Monday, May 4, 2009


You would think that a real estate investment bank, by definition, would be right in the mix for any mergers and acquisitions deals involving the more than 130 Real Estate Investment Trusts that exist today. Sorry to disappoint, but that's not really what we do. That being said, there has been more and more speculation, A. D. Pruitt of the Wall Street Journal Online being one of the loudest and most recent, that REITs will go the M&A route.

One of the biggest and most obvious reasons for this is that many REITs are struggling right now, saddled with too much debt from frothy acquisition plays they made during the boom years of 2004-2007. Better positioned REITs, in an ironic twist, may be well suited to acquire the struggling REITs because they are lower levered and can take on some of the debt burden that would come with acquiring such a massive entity.

Of course, there is a more prudent approach given the way everything seems to be going more slowly and more judiciously in the current environment.
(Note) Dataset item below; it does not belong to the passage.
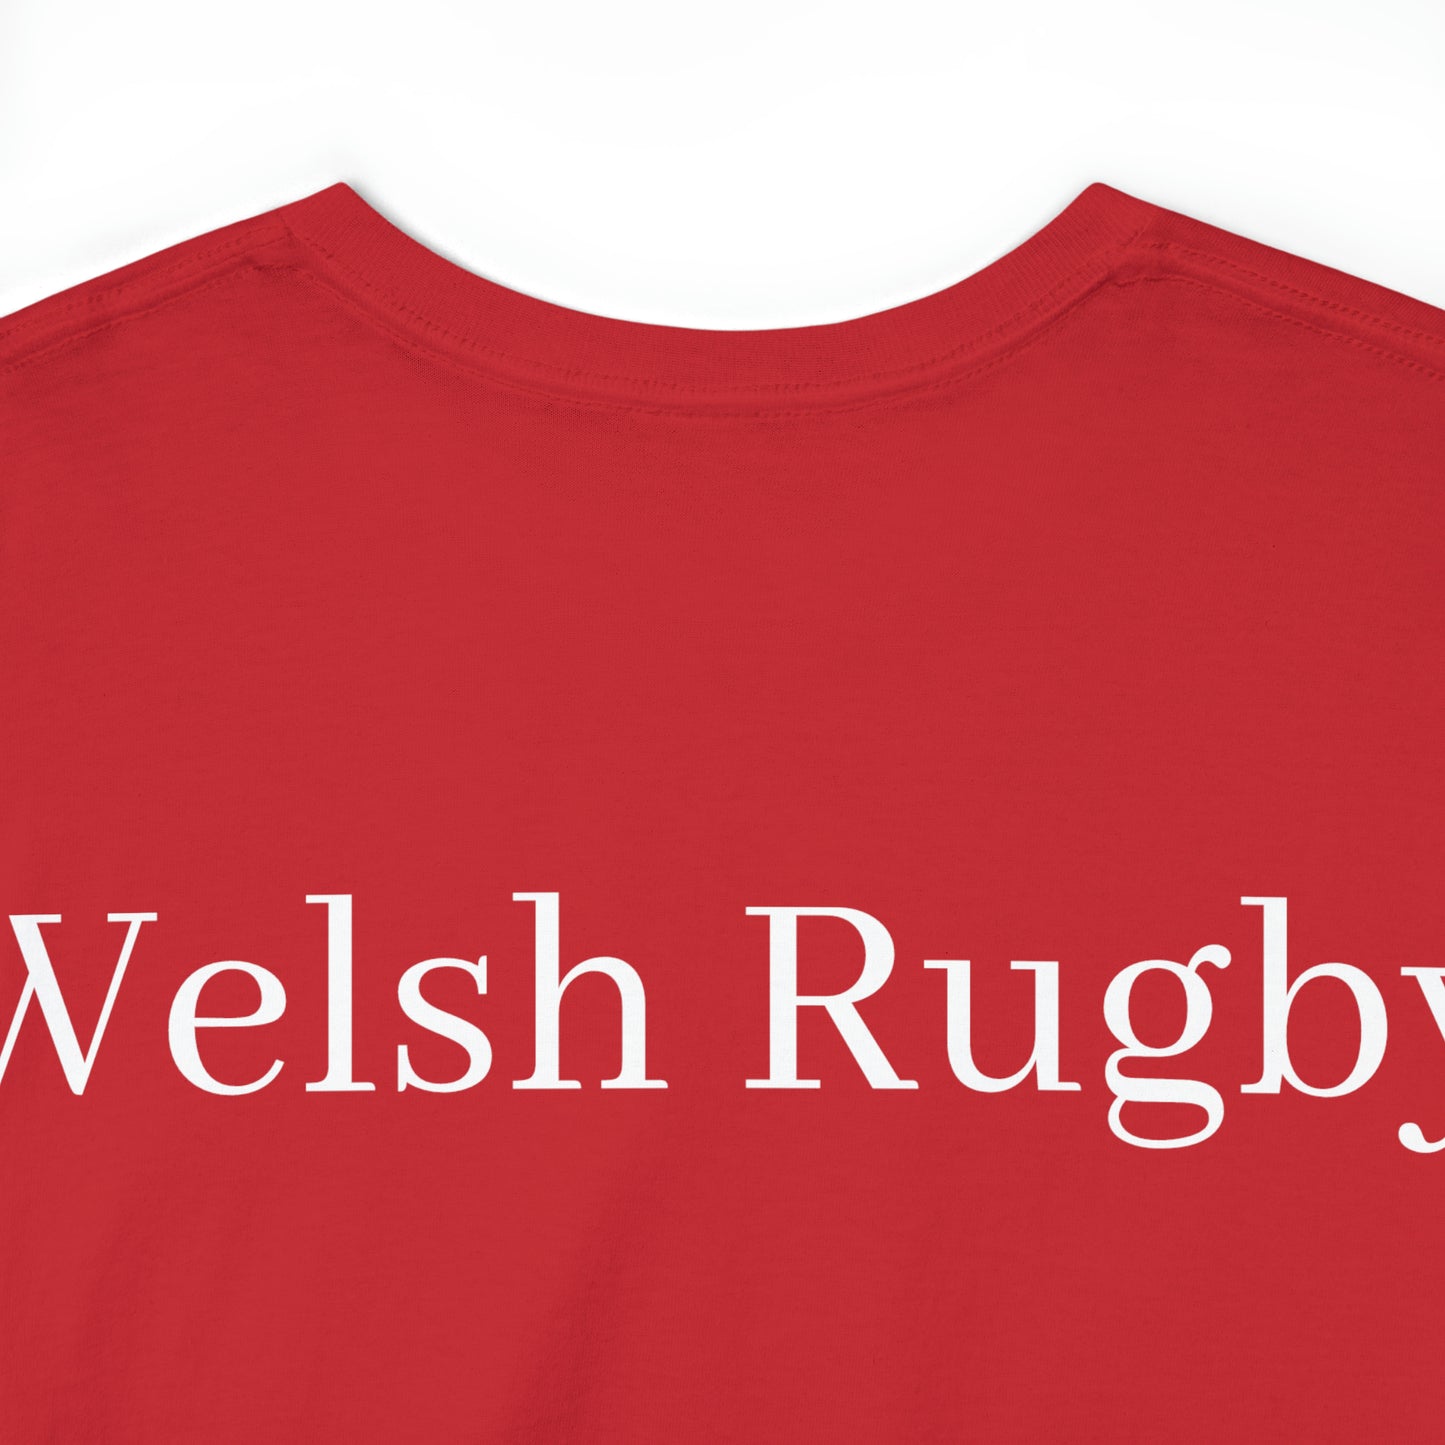 Ready Wales - dark shirts

Stronger REITs may elect to simply wait until the weaker REITs fail and go bankrupt so they can simply bid on portions of the distressed assets available at auction in order for the failed REITs to pay creditors. Just like vulture funds, they might have their pick.
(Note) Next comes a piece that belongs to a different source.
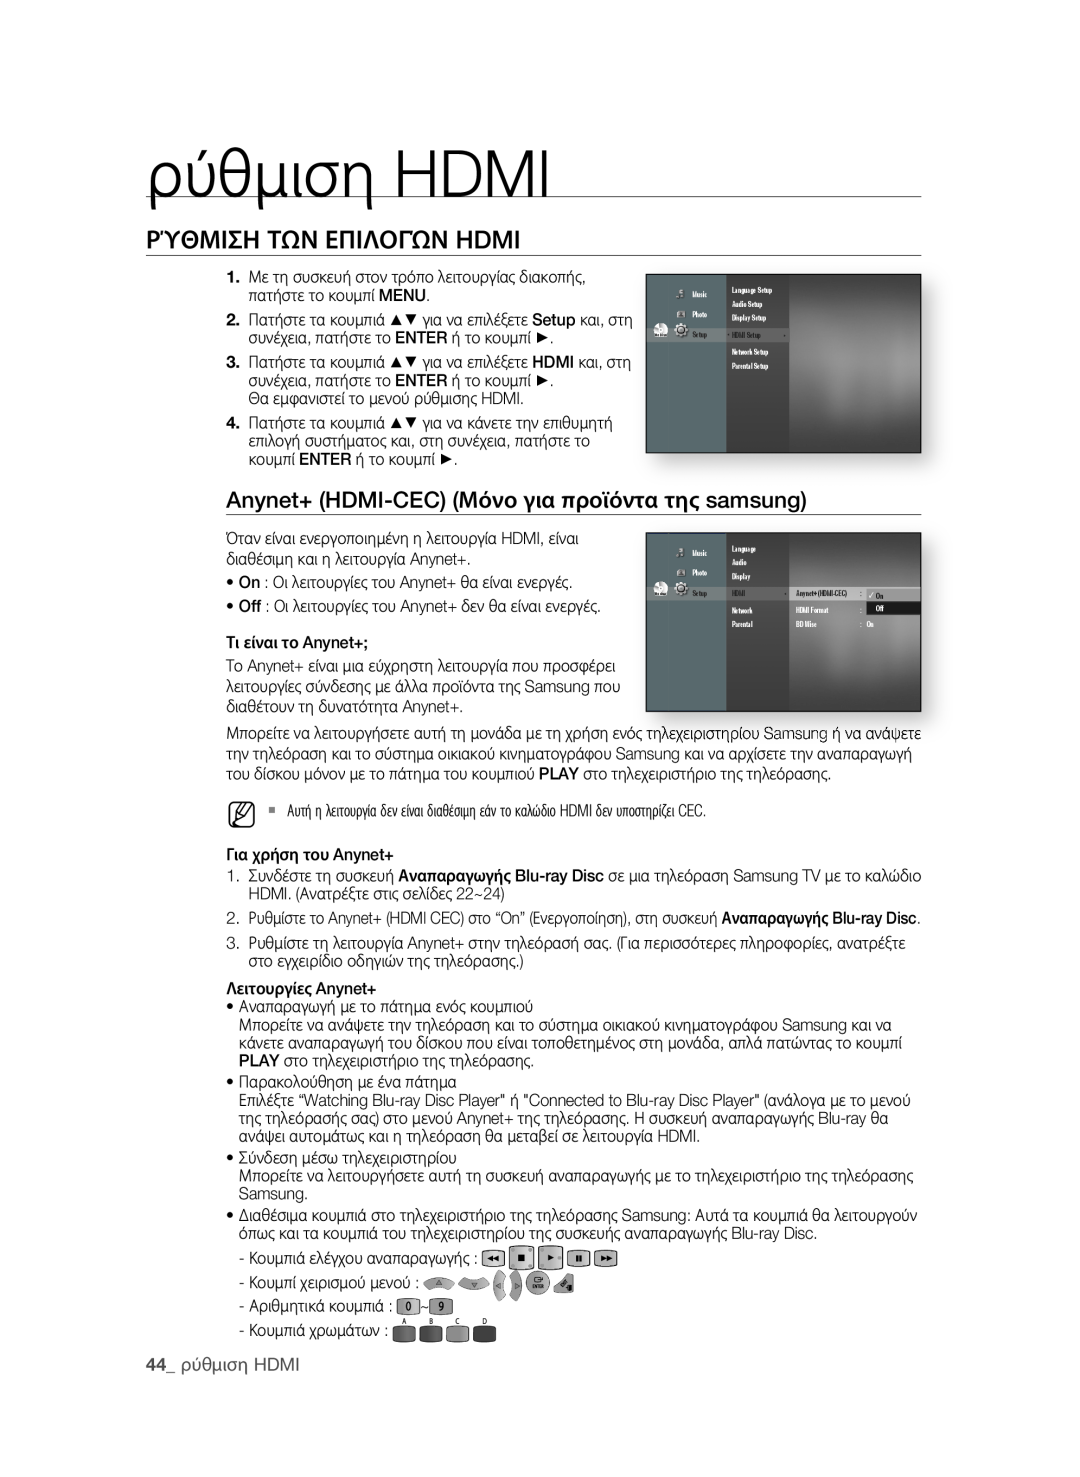 Samsung BD-P1580/EDC manual ρύθμιση HDMI, ρΎθΜιση ΤΩΝ εΠιΛοΓώΝ HDMI, Anynet+ HDMI-CEC Μόνο για προϊόντα της samsung

However, given that many trophy assets may or may not be available for sale under bankruptcy proceedings, healthy REITs may simply elect to acquire they entire company.

General Growth Properties will be a very interesting case study. While many had speculated that its biggest rival, Simon Property Group, was going to acquire it last month, instead GGP filed for bankruptcy. The courts and creditors will now ultimately determine which properties in GGP's portfolio will be made available to the public for sale.

REITs, which own about $600 billion of commercial real-estate assets, were established in the 1960s to give individuals an easy way to invest in income-producing real estate. If credit markets don't thaw soon with the help of federal aid initiatives, some companies will be hard-pressed to survive if they can't refinance their debt. The outlook gets more dire in 2011 when $500 billion of commercial real-estate maturities come due, according to a report from the National Association of Real Estate Investment Trusts, citing data from Goldman Sachs Group Inc. and Securities and Exchange Commission filings.

With more than 30% of REIT stocks valued under $5 a share, there are certain to be many, especially those who can't raise equity through public offerings, who will bow out of the race.

My question to you is, given that REITs amazingly only own about 6% of the total volume of commercial investment properties nationwide, how much of an impact on the commercial real estate market would it have if 10-20 of them went belly up?

1 comment:

bill said...

I'd be curious to know the source of the 6% statistic. $10 trillion seems too high of a denominator. (600B/10T=6%). I'm probably missing something.